Home > Media News > 'The Loss Of Younger Viewers Is Linear TV’s Gravest Problem' - GroupM Report

'The Loss Of Younger Viewers Is Linear TV’s Gravest Problem' - GroupM Report
3 May, 2017 / 10:35 am / Fatima

Source: http://www.adnews.com.au

1433 Views

Investment in digital advertising will surpass TV in five more countries, yet TV is still king with advertisers it seems.

Informed by 'experts from WPP' and its partners, the network’s Interaction 2017 report assesses digital advertising worldwide and makes forecasts on tech developments, media marketplace trends and evolving consumer behaviours in 46 markets.

Amazon, ESPN, Facebook, Google, IBM, LinkedIn, NBCU, Pandora, Pinterest, The New York Times, Snapchat, Turner, Twitter, Vox Media and YouTube are just some of the companies that took part in the study.

One finding says that while digital investment has already surpassed TV in the 10 markets - Australia, Canada, China, Denmark, Finland, the Netherlands, New Zealand, Norway, Sweden, United Kingdom - another five will cross this bar in 2017. They are France, Germany, Ireland, Hong Kong and Taiwan.

 

The report also says linear TV demographics continued shifting in 2016, with the loss of the 16-24 year-old demographic remaining one of its biggest challenges.

Though the global population of 16-24 year-olds only decreased by 0.5 percentage points between 2014-2016, the average “tonnage” of the 16-24 linear TV audience shrank by 16%, with some markets reaching numbers closer to 30%.

GroupM clarifies that some of this loss is exacerbated by TV’s other big challenge – the “inadequate measurement of TV’s total audience across platforms”.

GroupM continues to advocate measurement improvements to better evaluate television across all devices in markets across the globe,” the report says.

“The absence of close substitutes means that for now, those advertisers seeking this young adult TV audience can be willing to bear price inflation in proportion to its rising scarcity.”

Linear TV’s 'gravest problem'

The reason GroupM chose to focus on 16-24s is that this is TV’s scarcest age group, which means one of them seeing your ad is more likely to add to your total campaign reach than anyone 25+. This does not mean TV is necessarily the wisest choice for reaching this audience. As GroupM’s chairman Irwin Gotlieb put it, “people who don’t watch TV shouldn’t be chased on TV.”

It says the loss of younger viewers is, however, linear TV’s gravest problem. This is why it is urgent that broadcasters/channels/networks improve their measurement of their digital diaspora – adding “if it isn’t measured, it isn’t monetised”.

Despite the stats, GroupM’s data shows that, for now, "TV is still king with advertisers” when global data is aggregated.

TV’s share of global advertising investment was largely stable at 42% in 2016 and GroupM predicts the share will only decline to 41% in 2017. TV rode a five-year peak share at 44% from 2010-2014, with only minimal share shedding since then.
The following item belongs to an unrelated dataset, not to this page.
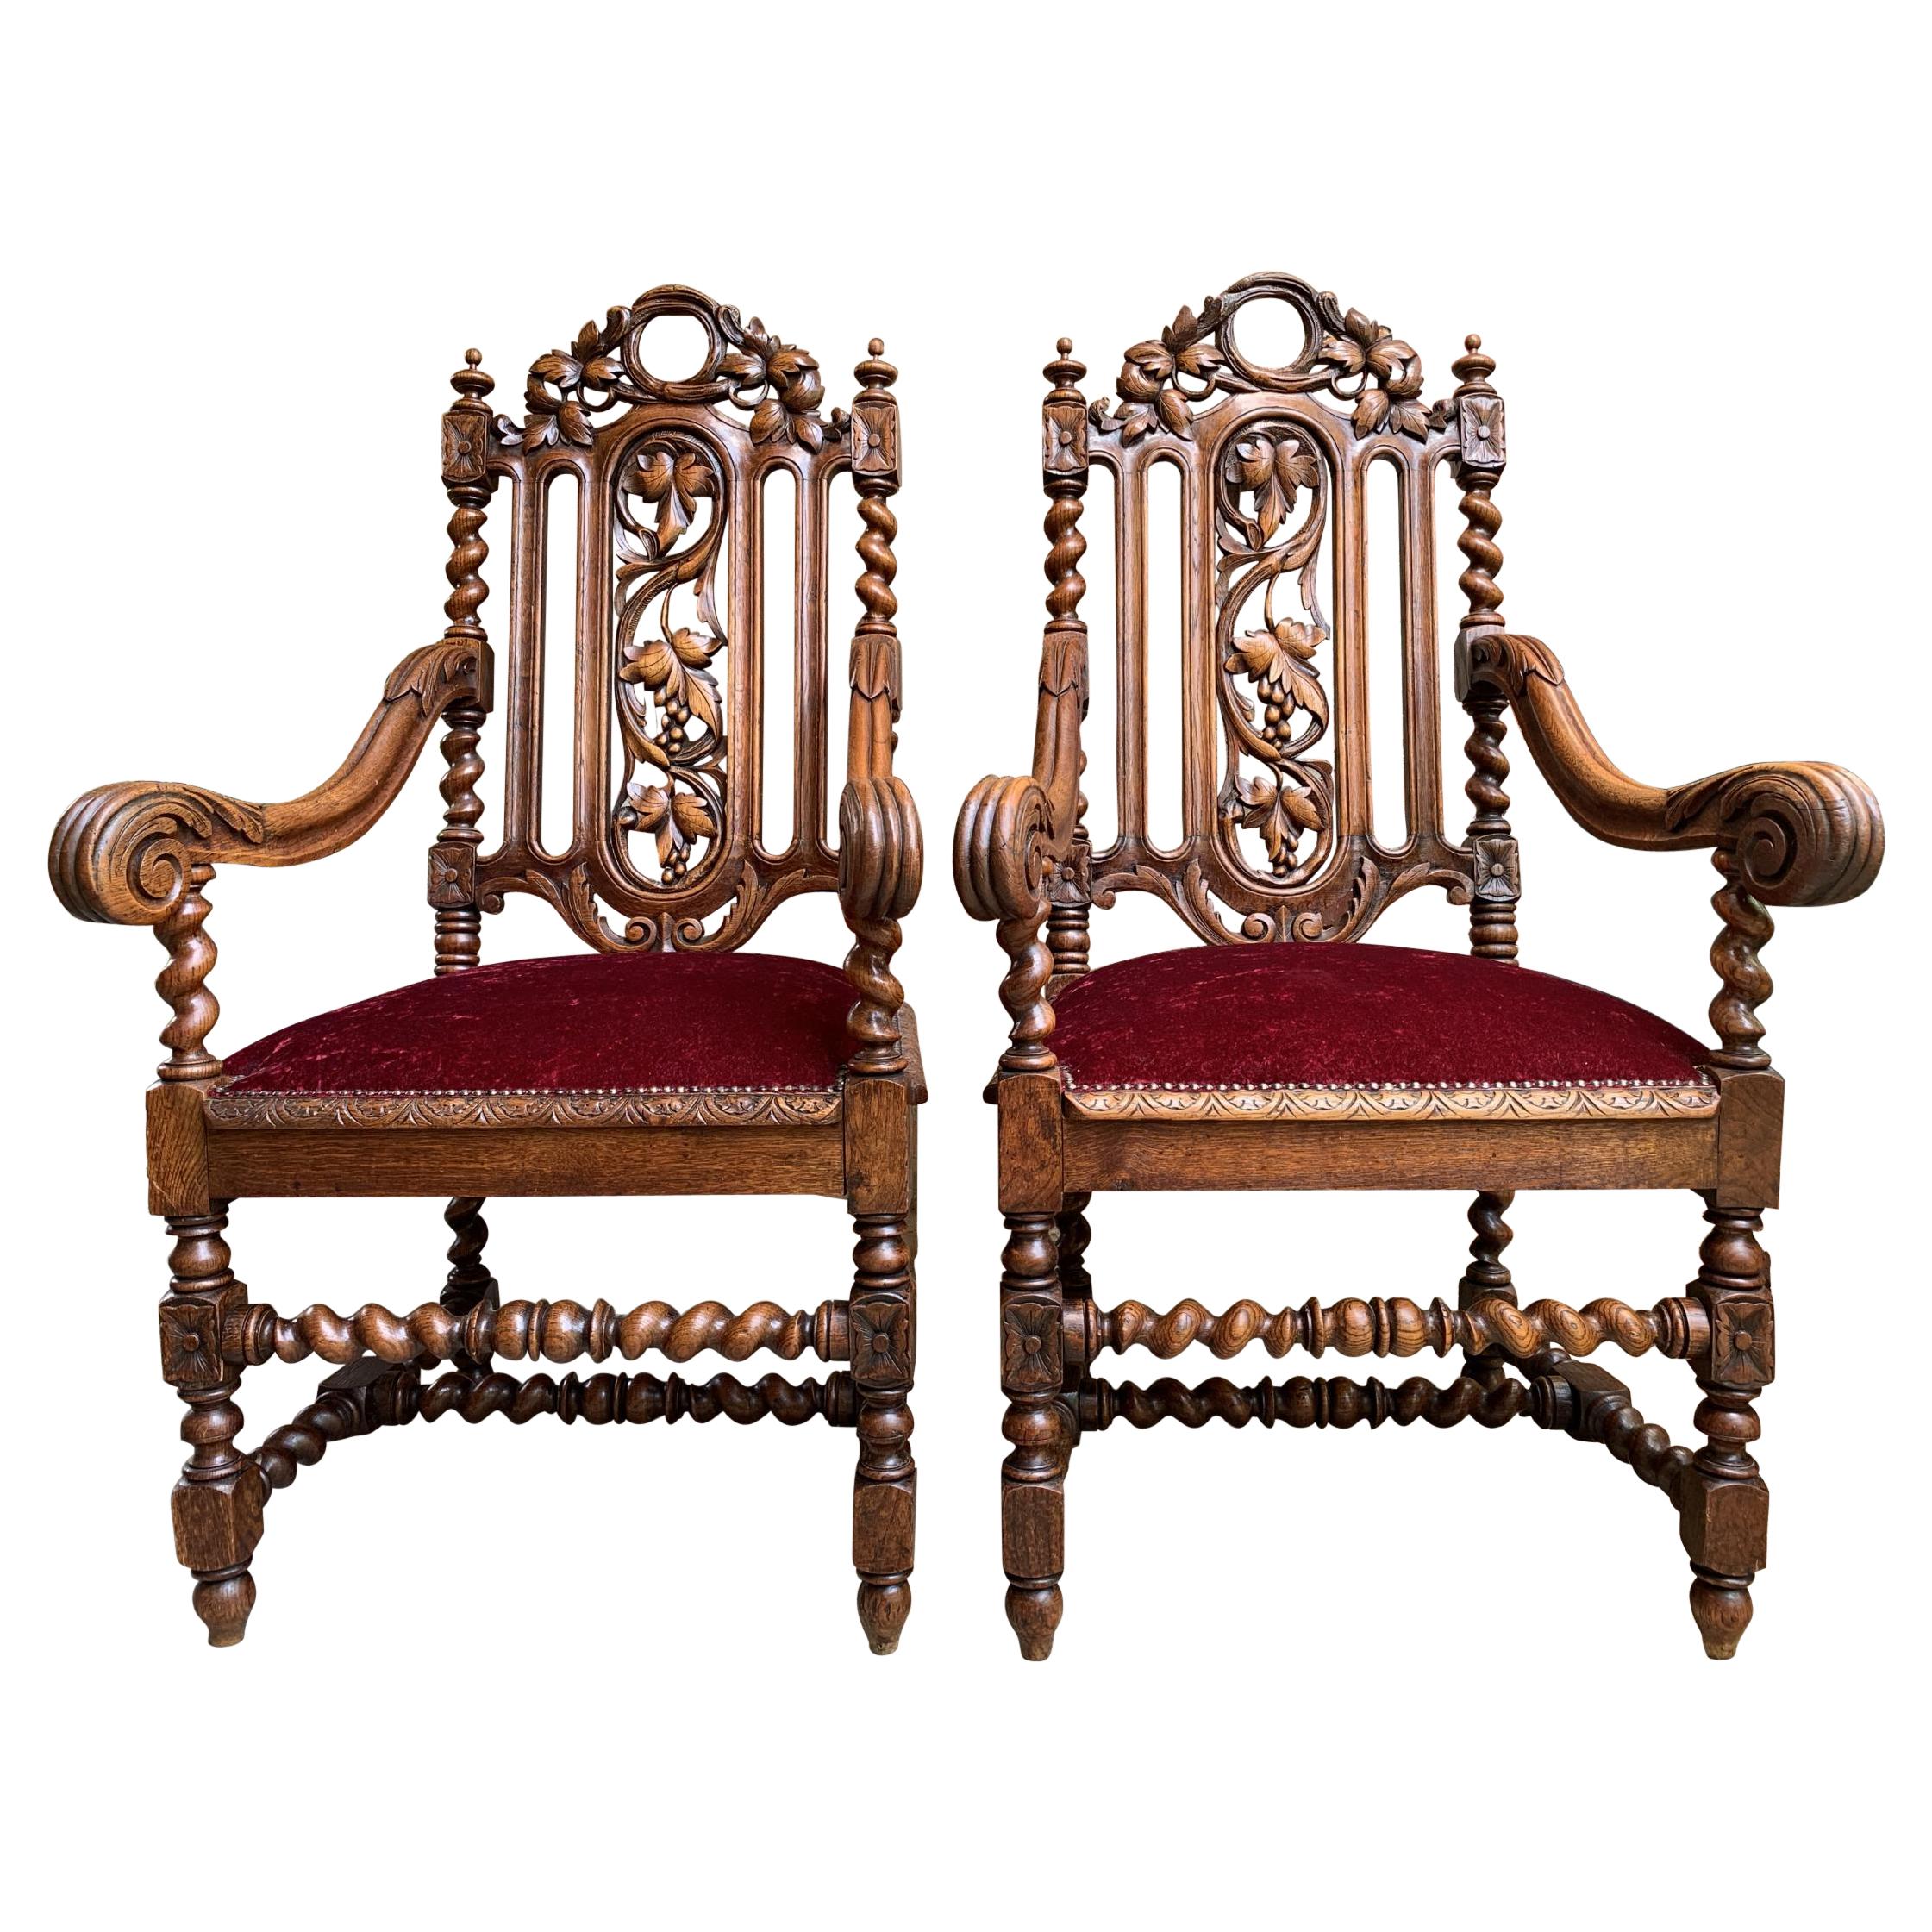 19th century PAIR French Carved Oak Arm Chair Barley Twist Louis XIII Throne

It argues that despite challenges around standards, measurement and supply chain integrity, digital advertising continues to grow rapidly as marketers follow consumers to the media destinations where they spend their time and, increasingly, transact for goods and services.
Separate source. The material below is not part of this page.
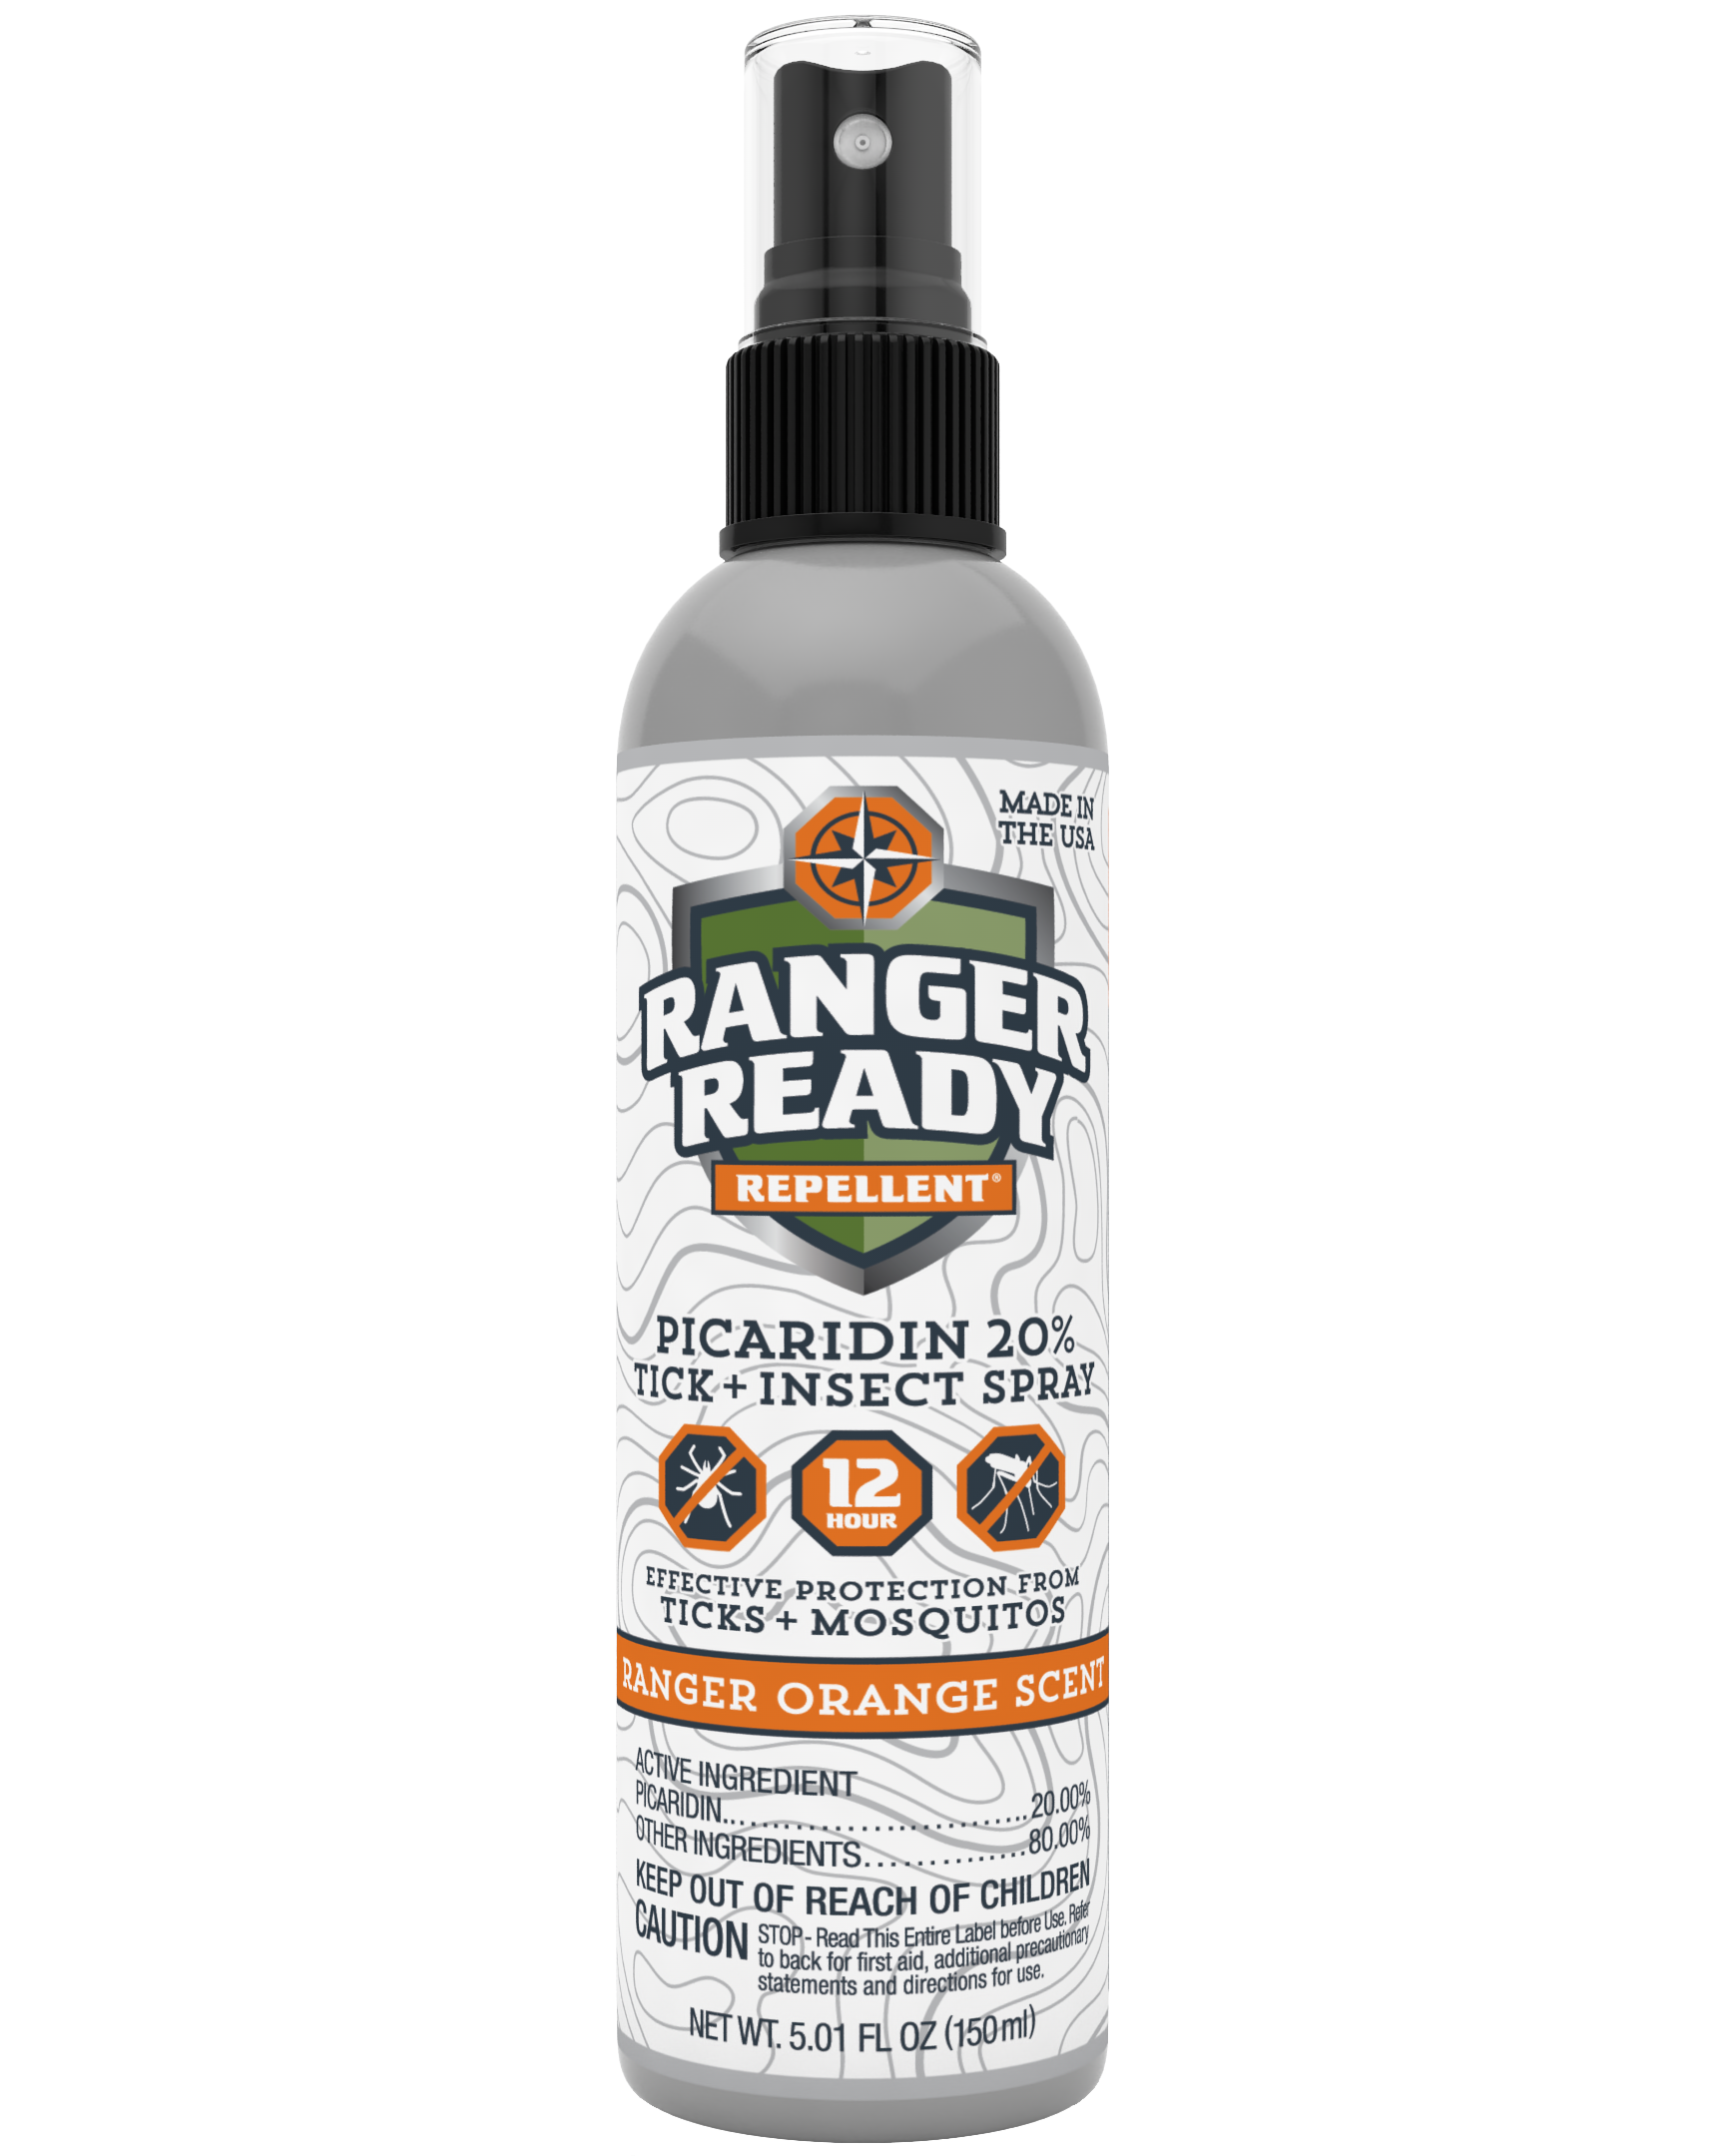 Ranger Orange scented Picaridin 20% pump spray by Ranger Ready Repellents

The report goes onto say that reach is TV’s most valuable asset so it should mine this wherever it can.

“More comprehensive cross-platform measurement is one answer, and so is addressable TV. Meanwhile, we might wonder why online a/v 16-24s can be so abundant, yet not dilute the price advertisers are willing to pay for impressions on linear TV,” the report said.

“The problem is not quantity. The answer must lie in other matters like quality, saliency and transparency.”

Who has the lion's share?

In the report, GroupM also examines the economic value among six global companies who hold the lion’s share of digital advertising, with Google and Facebook at the forefront.
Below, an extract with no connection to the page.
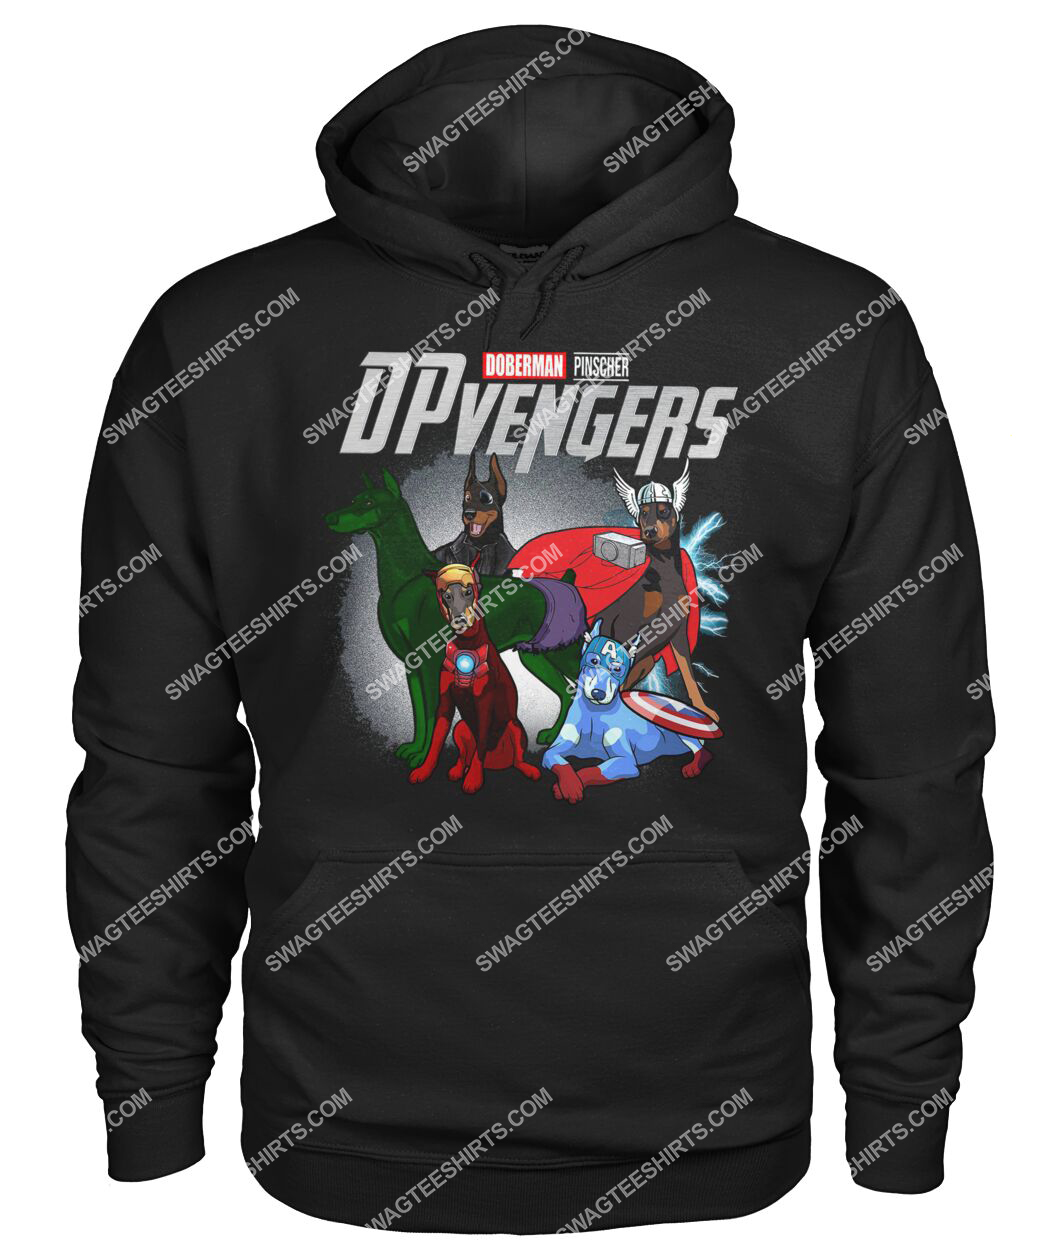 doberman pinscher dpvengers marvel avengers dogs lover hoodie 1

GroupM says these companies have very different business models than the owners of linear TV, and they also attract different advertisers.

It says advertisers accounting for 90% of TV advertising revenue represent between 30% and 40% of the revenue earned by the digital giants. The other 70% of their revenue comes from a combination of small and local businesses, often ones that trade in digital products or services.

“This bifurcation among classes of advertisers is subject to change as television becomes more data-fueled and targeted (more like digital) and as video content on digital platforms continues to be enhanced with greater quality (more like TV),” the report says.

It adds that in 2017, the industry will be “watching closely” to see how Snapchat or Amazon may creep into Facebook and Google’s value chain, and if the stronghold that ‘BAT’ (Baidu, Alibaba, Tencent) has in China can expand to international markets.

GroupM global chief digital officer Rob Norman says to help shape its thinking and speculation in this year’s Interaction, it invited more than 20 partners to discuss AI, augmented and virtual reality, video competition, advanced and data-driven TV, streaming and on-demand audio, the Google/Facebook digital duopoly, live video, e-commerce, marketplace integrity and fake news.

“Last year, we were cautious in our estimation of the rate of change, but this year we are less so in the face of developments in hardware and software technologies that are advancing us from the information age to the intelligence age,” Norman said.